In fact, it turns out the official docs recommend that you "provide a custom executor that limits the number of threads, based on your workload (cached (default), fixed, fork join, etc.)". There is a long GitHub issue about whether the defaults should be changed or not, but they haven't because using a fixed-size thread pool can lead to deadlocks if you are blocking in those threads. We're using ZIO, so we should be safe, right?
We proceeded to change the executor (which required exposing the setting in Shardcake) to ForkJoinPool, and performance got even better, with now a very reasonable amount of threads. However, when our load test was about to end, all servers suddenly became unresponsive and were eventually killed by Kubernetes. Even the health check endpoint was not responding.
Fortunately, the Datadog profiler was able to capture one last profile before the servers were killed. It showed that all threads from our grpc executor threadpool were waiting on the same lock.
When a stream is disconnected on the client side, grpc-java calls an onCancel
callback to let us know about it. In zio-grpc, this onCancel
triggers the interruption of the fiber running the stream by calling fiber.interrupt
.
override def onCancel(): Unit =
Unsafe.unsafe { implicit u =>
runtime.unsafe.run(fiber.interrupt.unit).getOrThrowFiberFailure()
}
There is a catch, though: in ZIO, fiber.interrupt
does not return immediately; it returns once the fiber is interrupted. This means that we are blocking the current thread until the interruption is done. The interruption is processed by the ZIO scheduler threadpool, so that should not be a problem.
However, looking at the creation of the fiber (the code has been simplified a bit):
stream.onExit(ex => call.close(...)).forkDaemon
onExit
adds a finalizer so that, when the stream is interrupted, we call close
from the grpc-java API. This means that we need some code to be executed by grpc-java to complete our interruption.
With a single stream, this is not a problem as it can be done by another thread. But if multiple streams are interrupted at the same time, we might end up in the situation we observed where all threads from the fixed-size threadpool are waiting on interruption and there are no more threads to process the close
, forming a deadlock.
To prevent that, I had to replace .interrupt
with .interruptFork
in zio-grpc. Unlike interrupt
, interruptFork
runs the interruption in a separate fiber and returns instantly, removing the risk of blocking threads. Note that at the time of writing, there was no new release of zio-grpc so you have to use the latest snapshot to get this fix.

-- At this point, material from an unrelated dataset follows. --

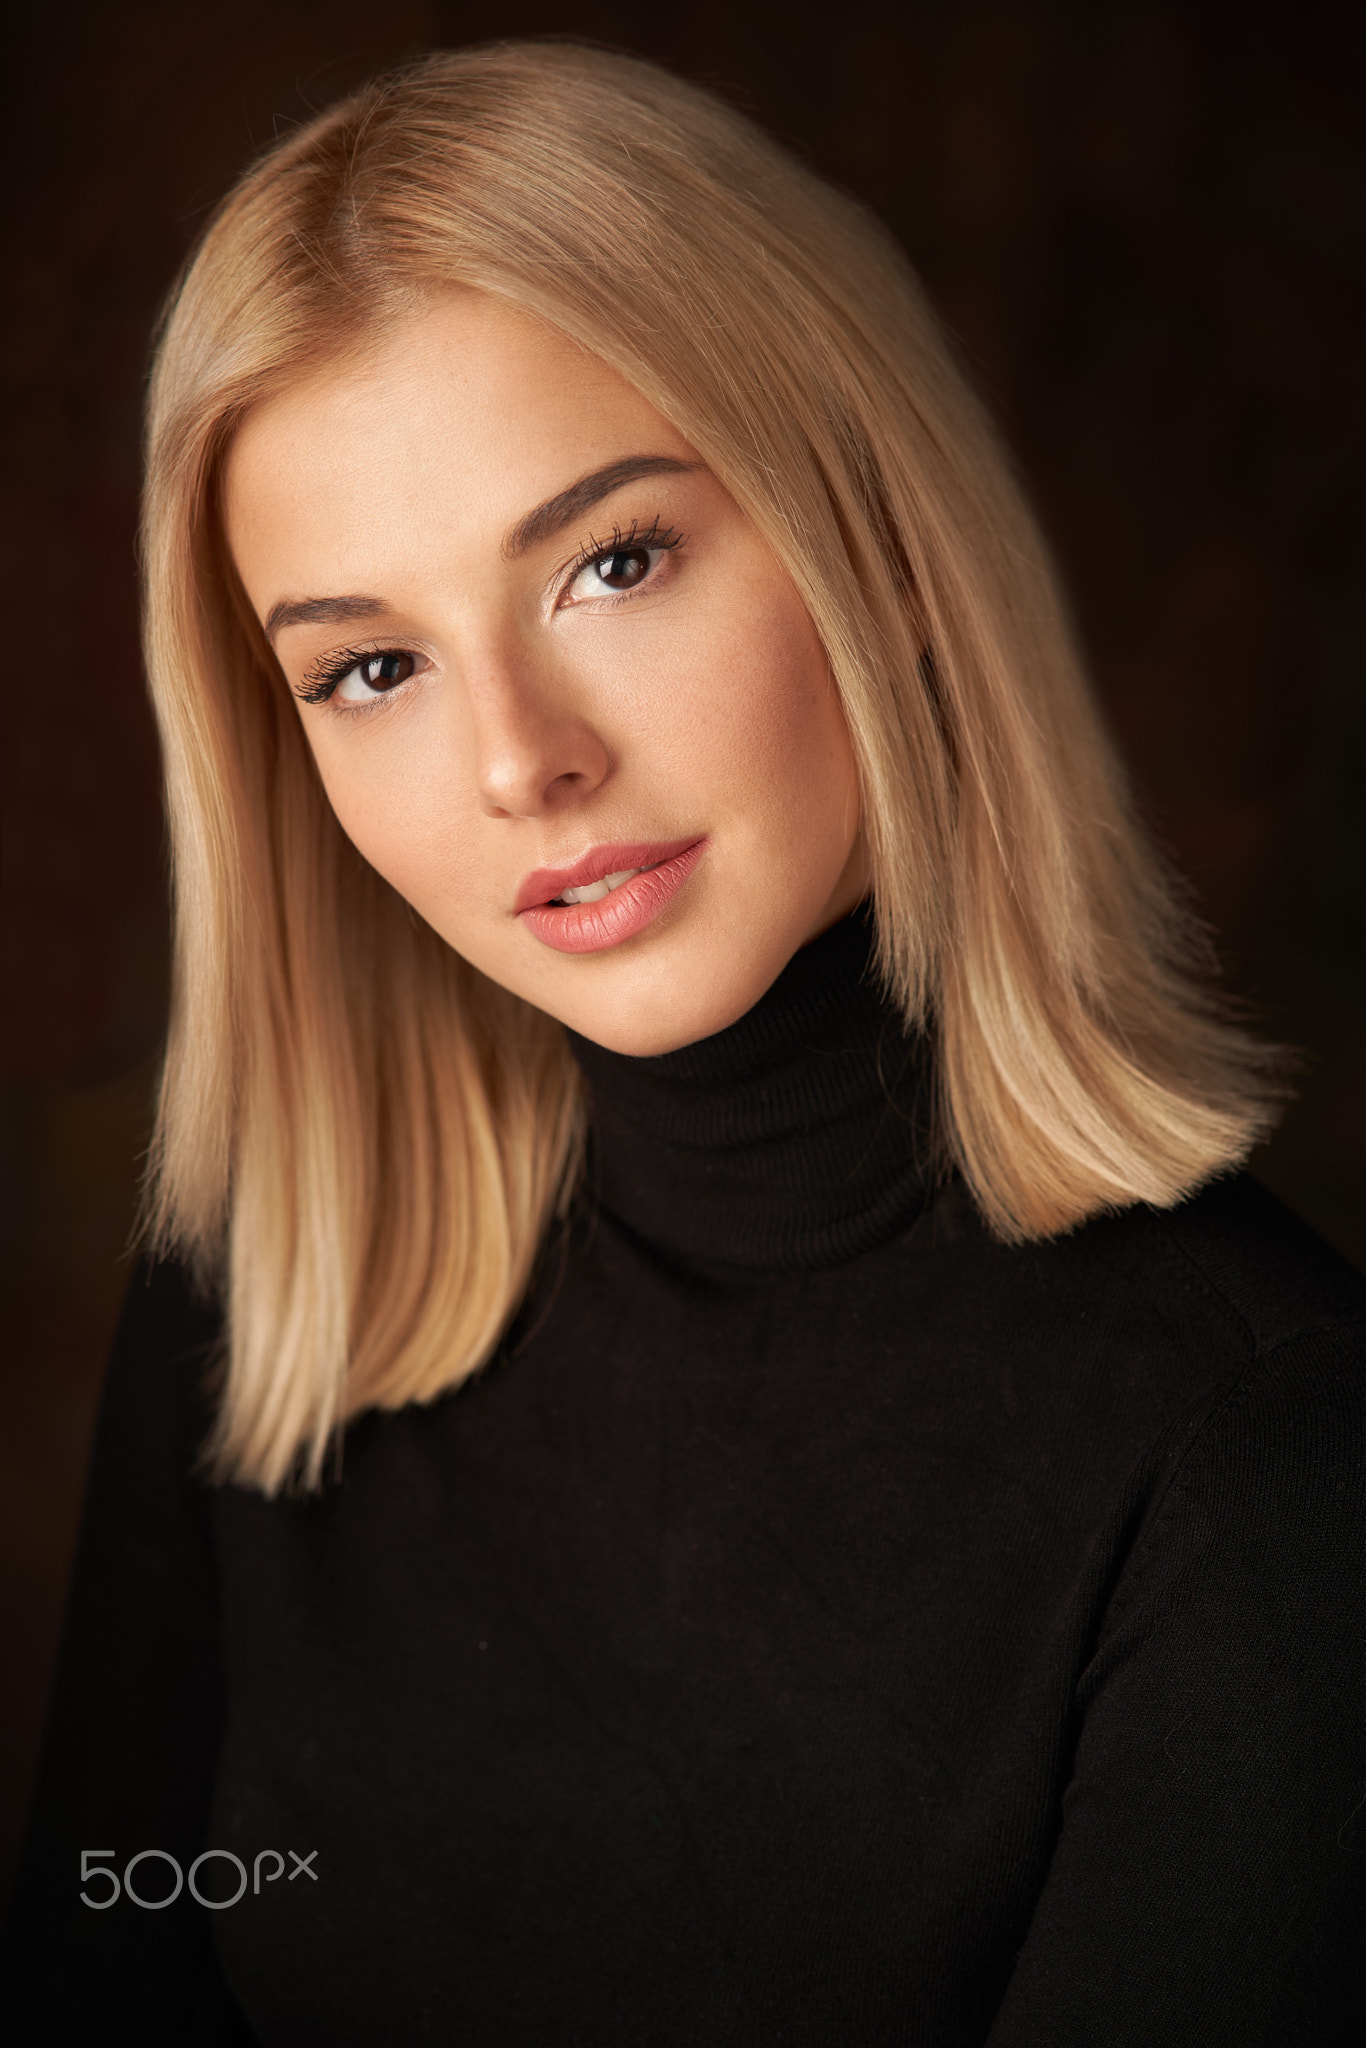 Alexander Vinogradov Women Blonde Shoulder Length Hair Straight Hair Makeup Dark Eyes Looking At Vie 1366x2048

After this change, our load test performed pretty well and we successfully went to production last week, with our reply streams pushing more than 100k messages per second to thousands of players.
Future improvements
When looking at the CPU usage on our application, because the business logic is pretty basic, most of the CPU time is still spent in the ZIO runtime, for processing the multiple streams, hubs, and queues that we're using. Any improvements in that area would be interesting for our use case, and it looks like some are coming in ZIO 2.1, while others may come later. There is also a branch of ZIO with a dedicated runtime for streams, but I don't know if and when it will become available.
You might also have noticed that I only implemented "streaming replies" and not "streaming requests". This is totally doable, and we could use bidirectional gRPC streams under the hood. I found this less useful since you can simply call send
multiple times if you have a stream of requests. In both cases, it will use an HTTP/2 connection under the hood, so the performance gain might not be that big, but it's definitely something that could be added if needed.
I hope that sharing my experience was useful, and I'm looking forward to hearing from other Shardcake users if you try to use this new feature!